Information provided:
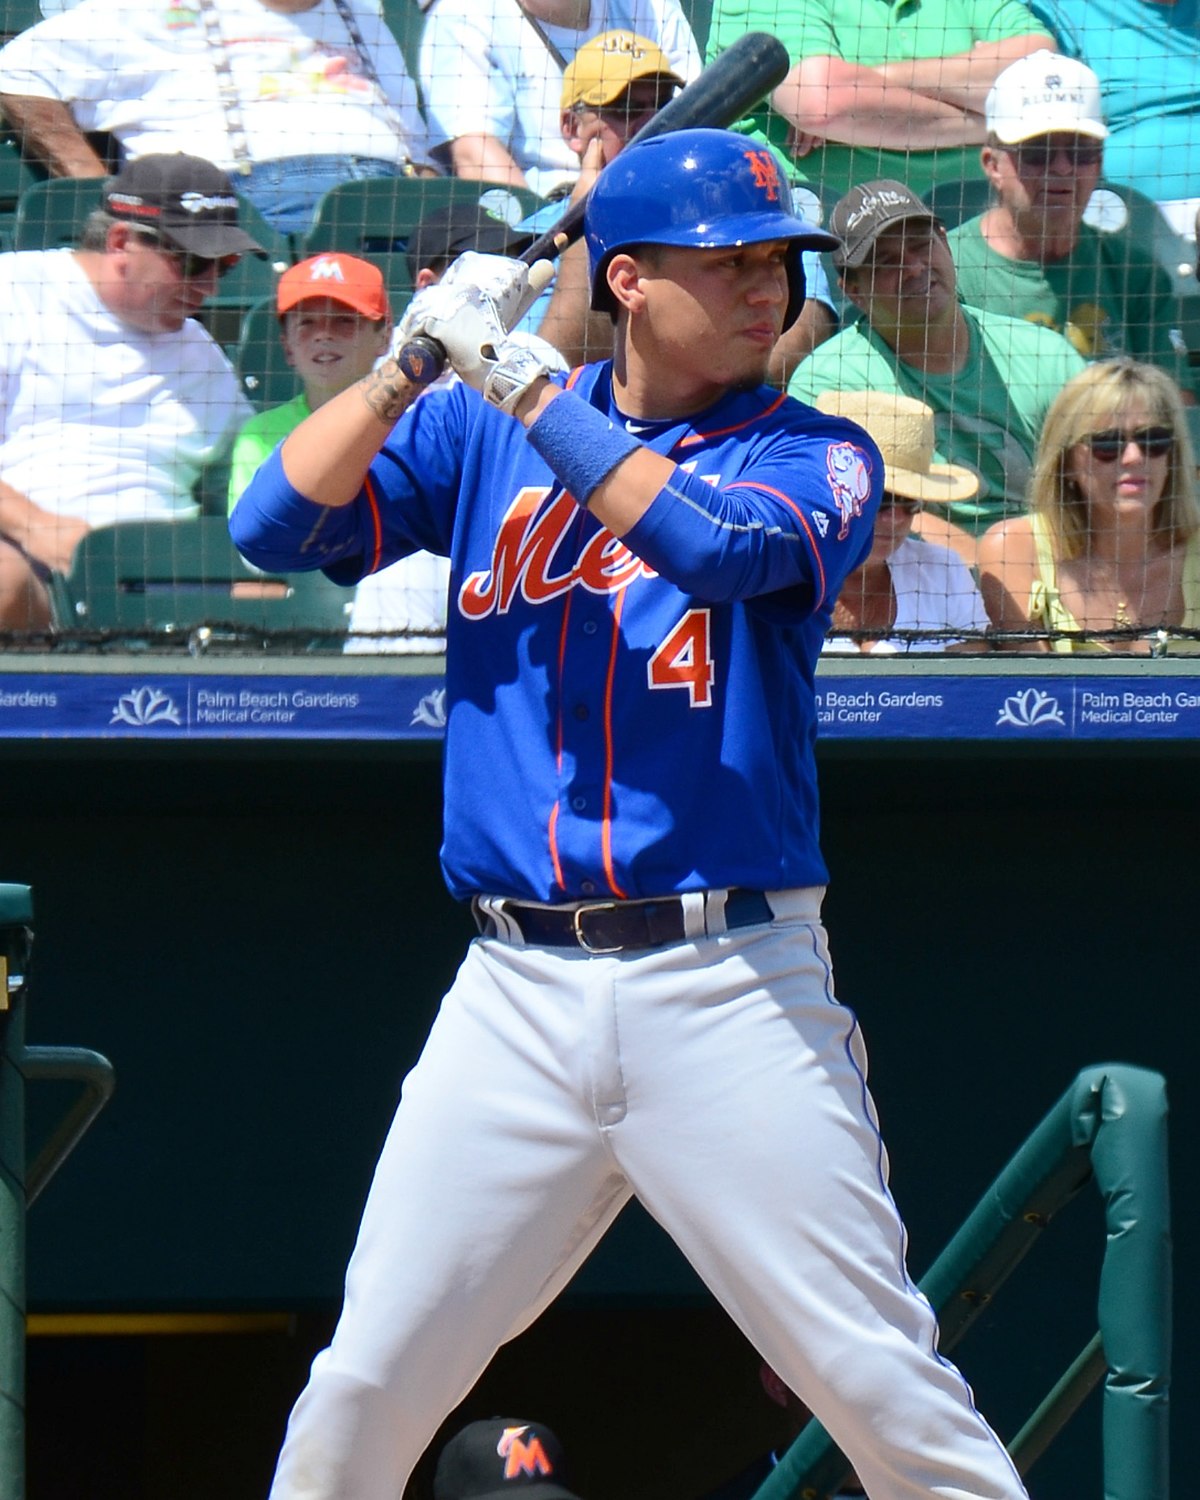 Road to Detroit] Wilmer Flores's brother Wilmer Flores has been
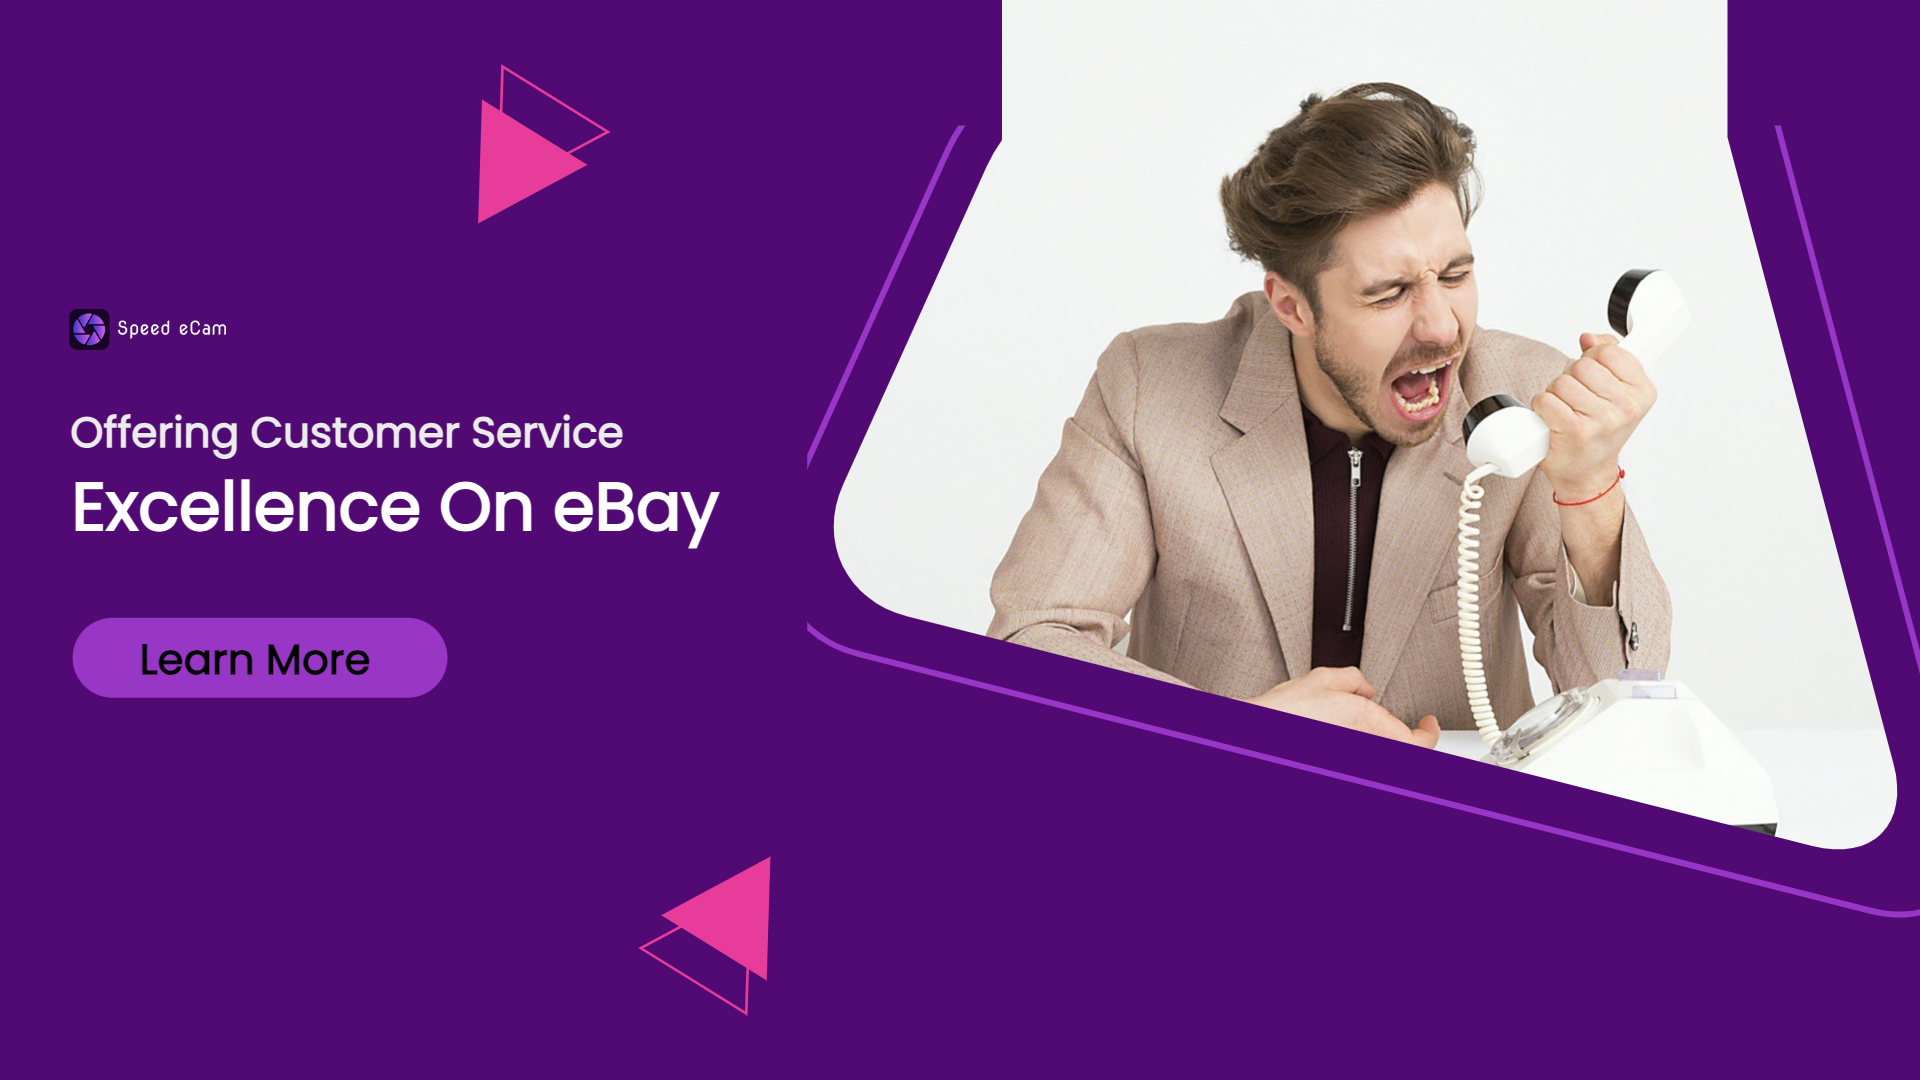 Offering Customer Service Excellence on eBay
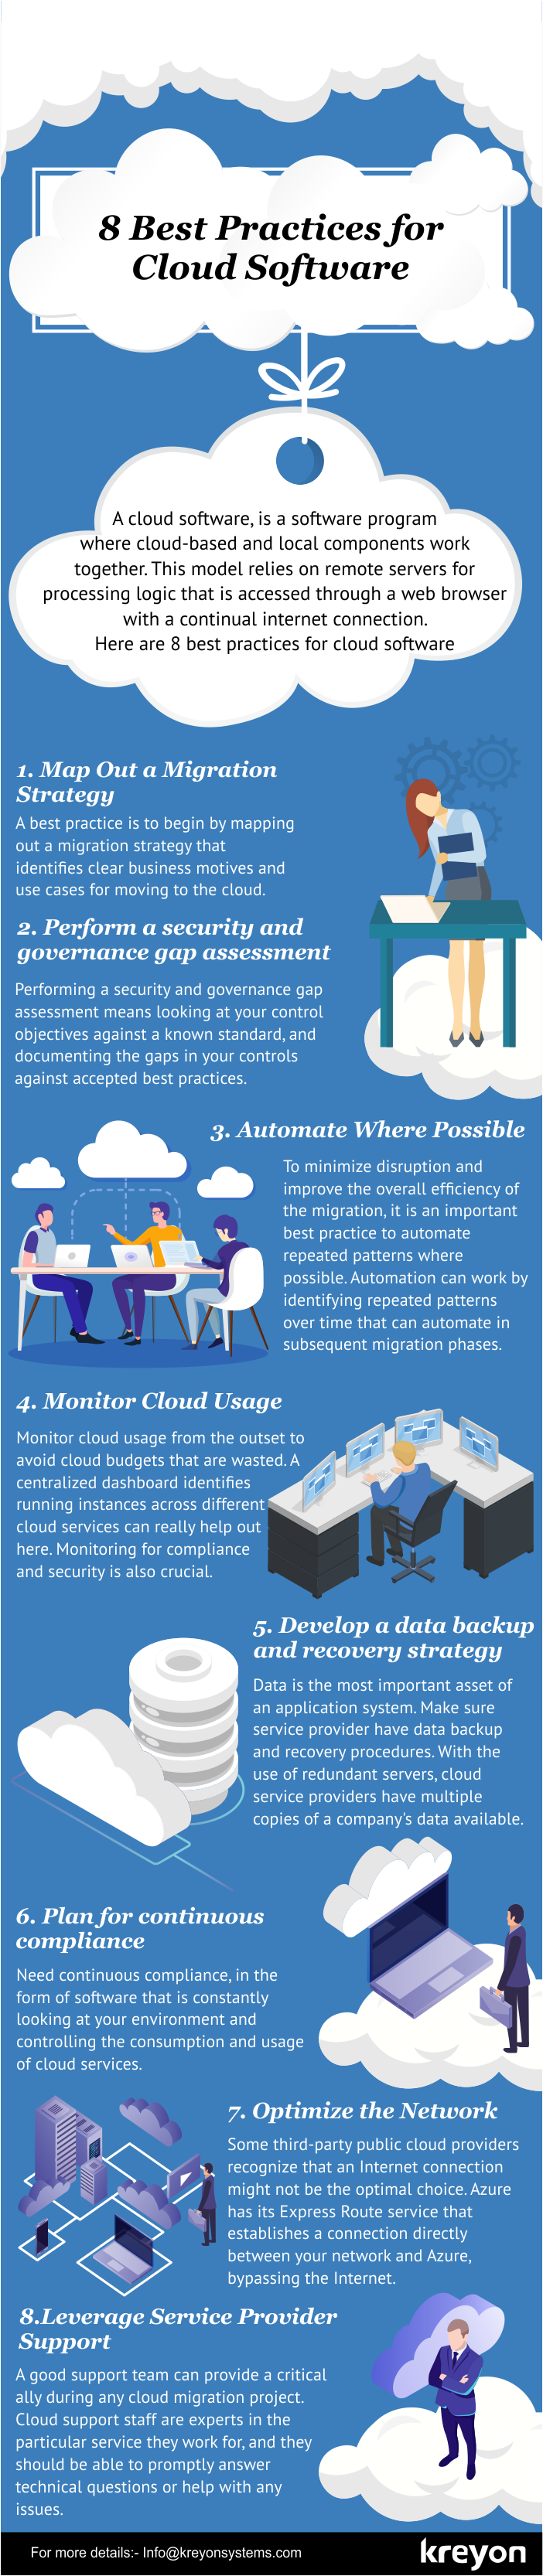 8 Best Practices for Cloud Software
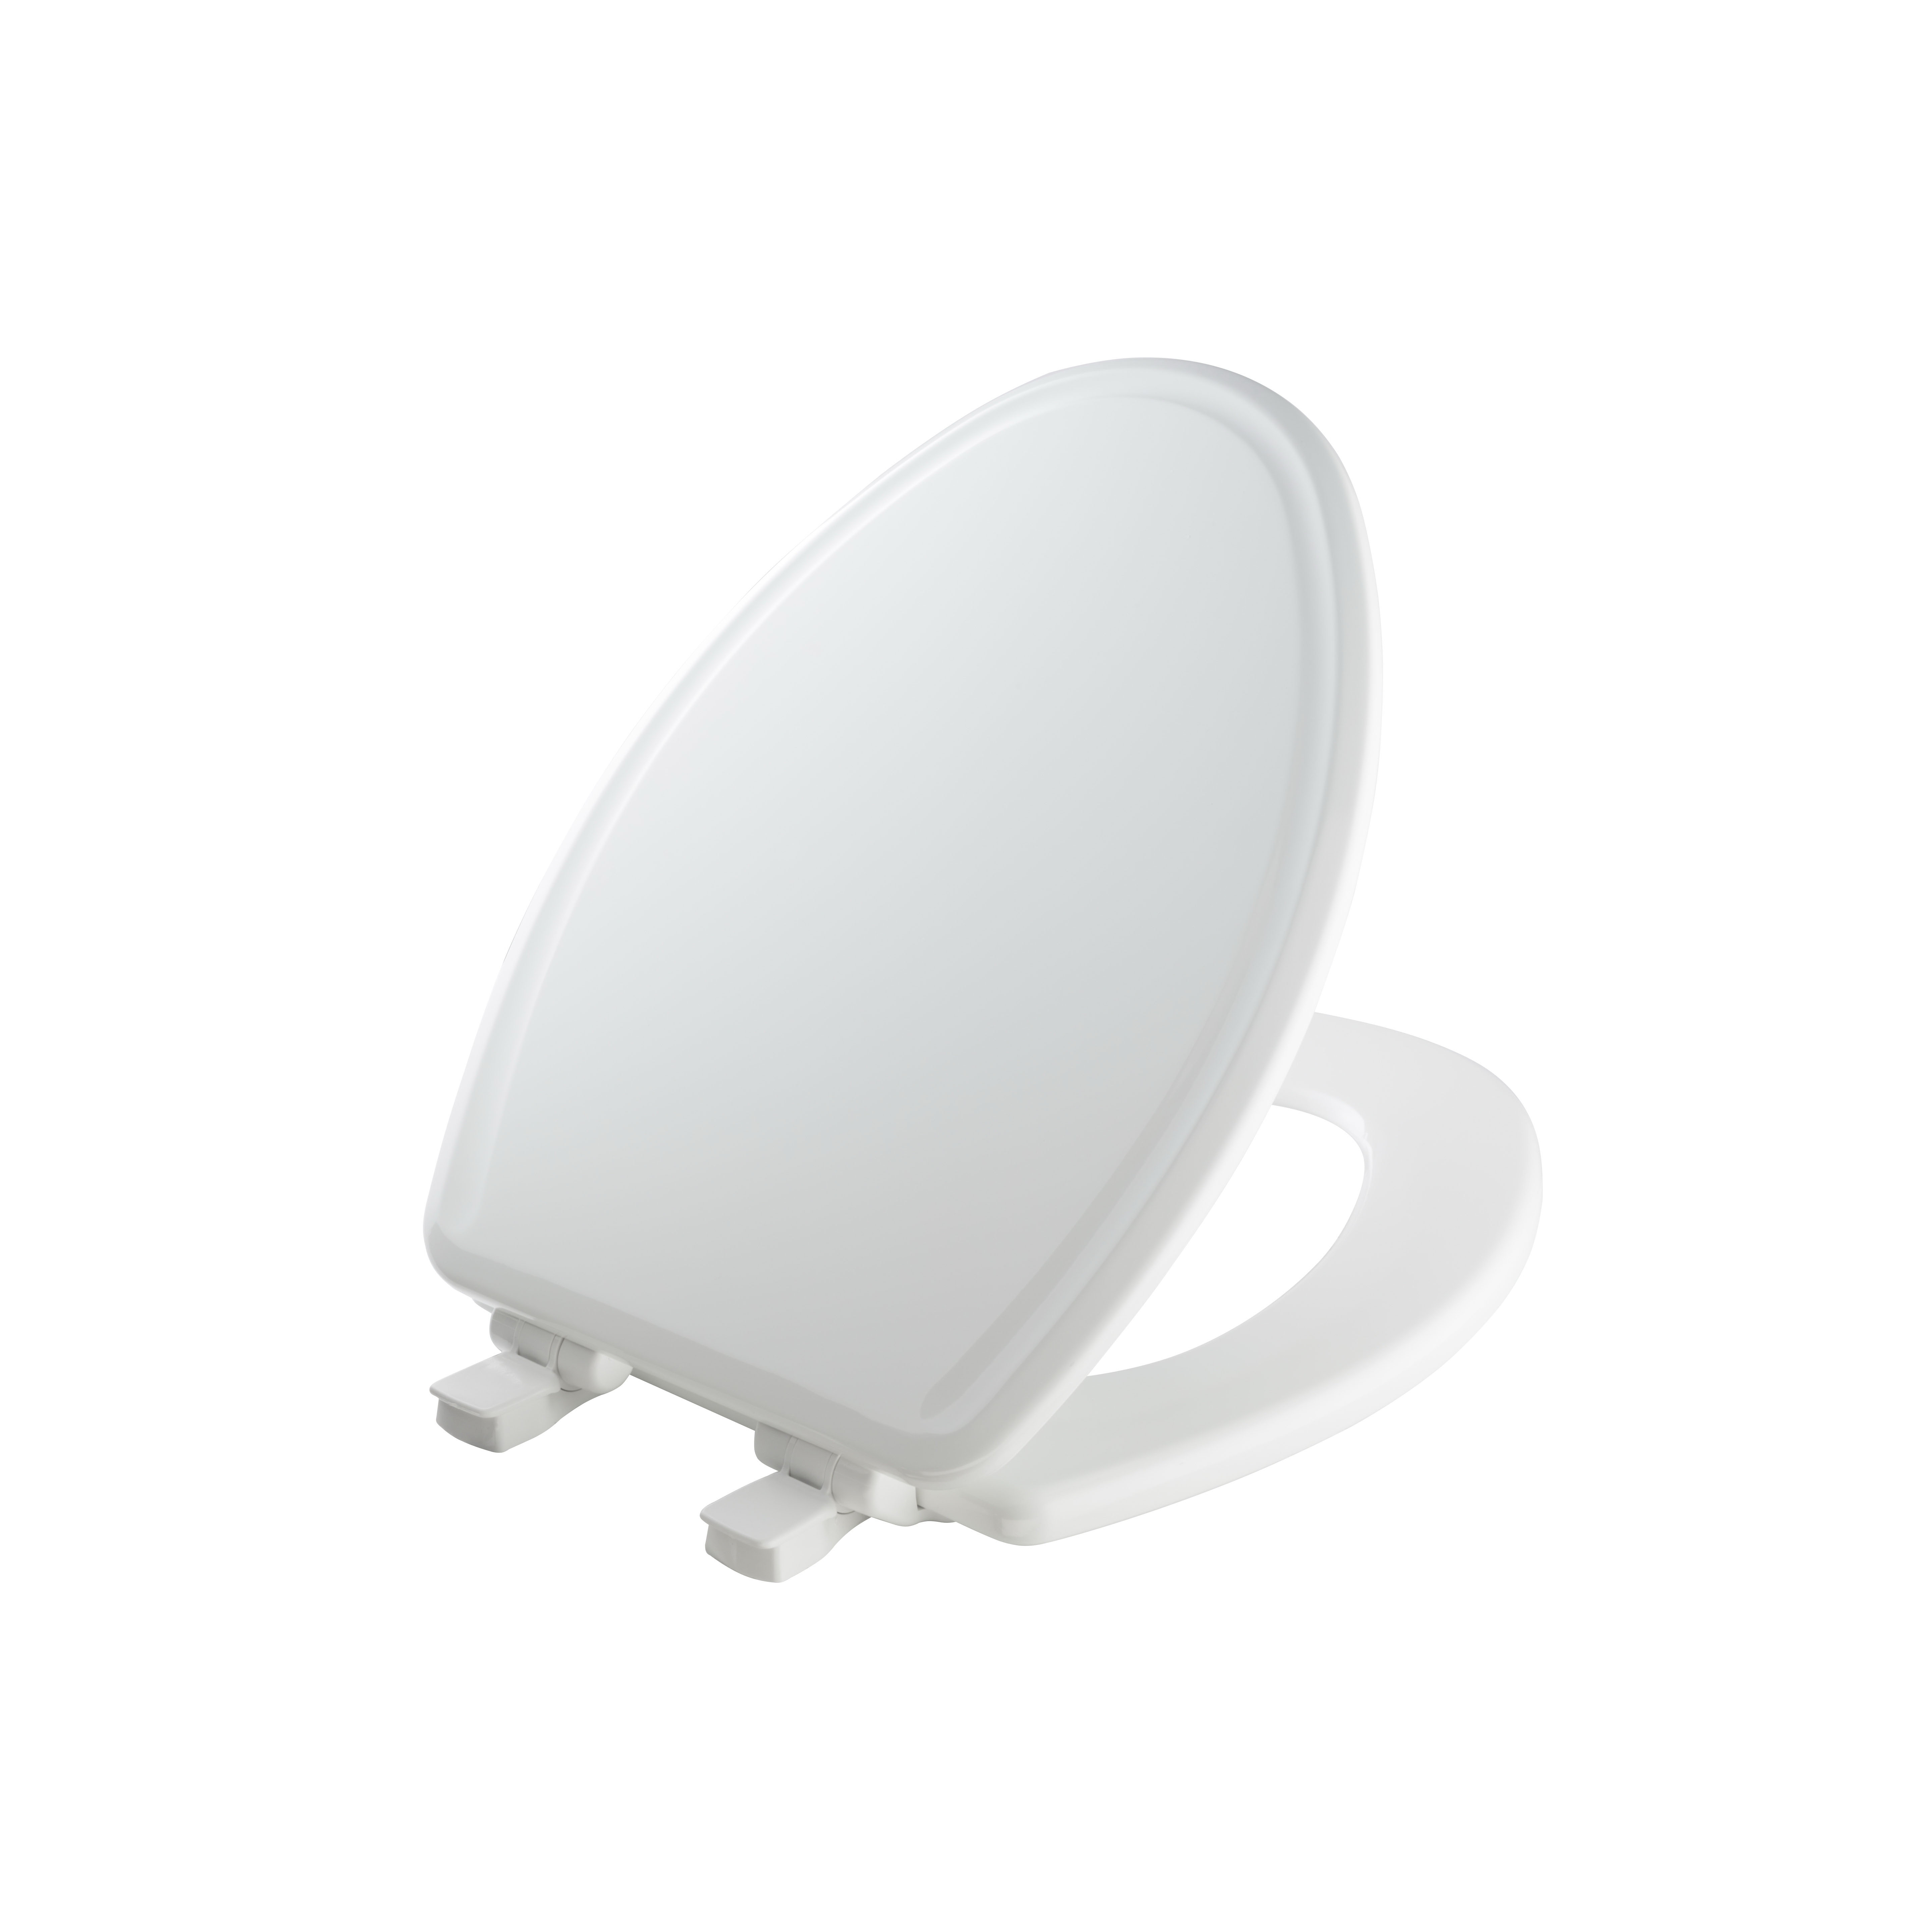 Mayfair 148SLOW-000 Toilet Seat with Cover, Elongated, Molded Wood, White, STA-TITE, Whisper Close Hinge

Work required:
Leave out all pictures, then copy the remaining material exactly.

Exercise result:
 Road to Detroit] Wilmer Flores's brother Wilmer Flores has been
 Offering Customer Service Excellence on eBay
 8 Best Practices for Cloud Software
 Mayfair 148SLOW-000 Toilet Seat with Cover, Elongated, Molded Wood, White, STA-TITE, Whisper Close Hinge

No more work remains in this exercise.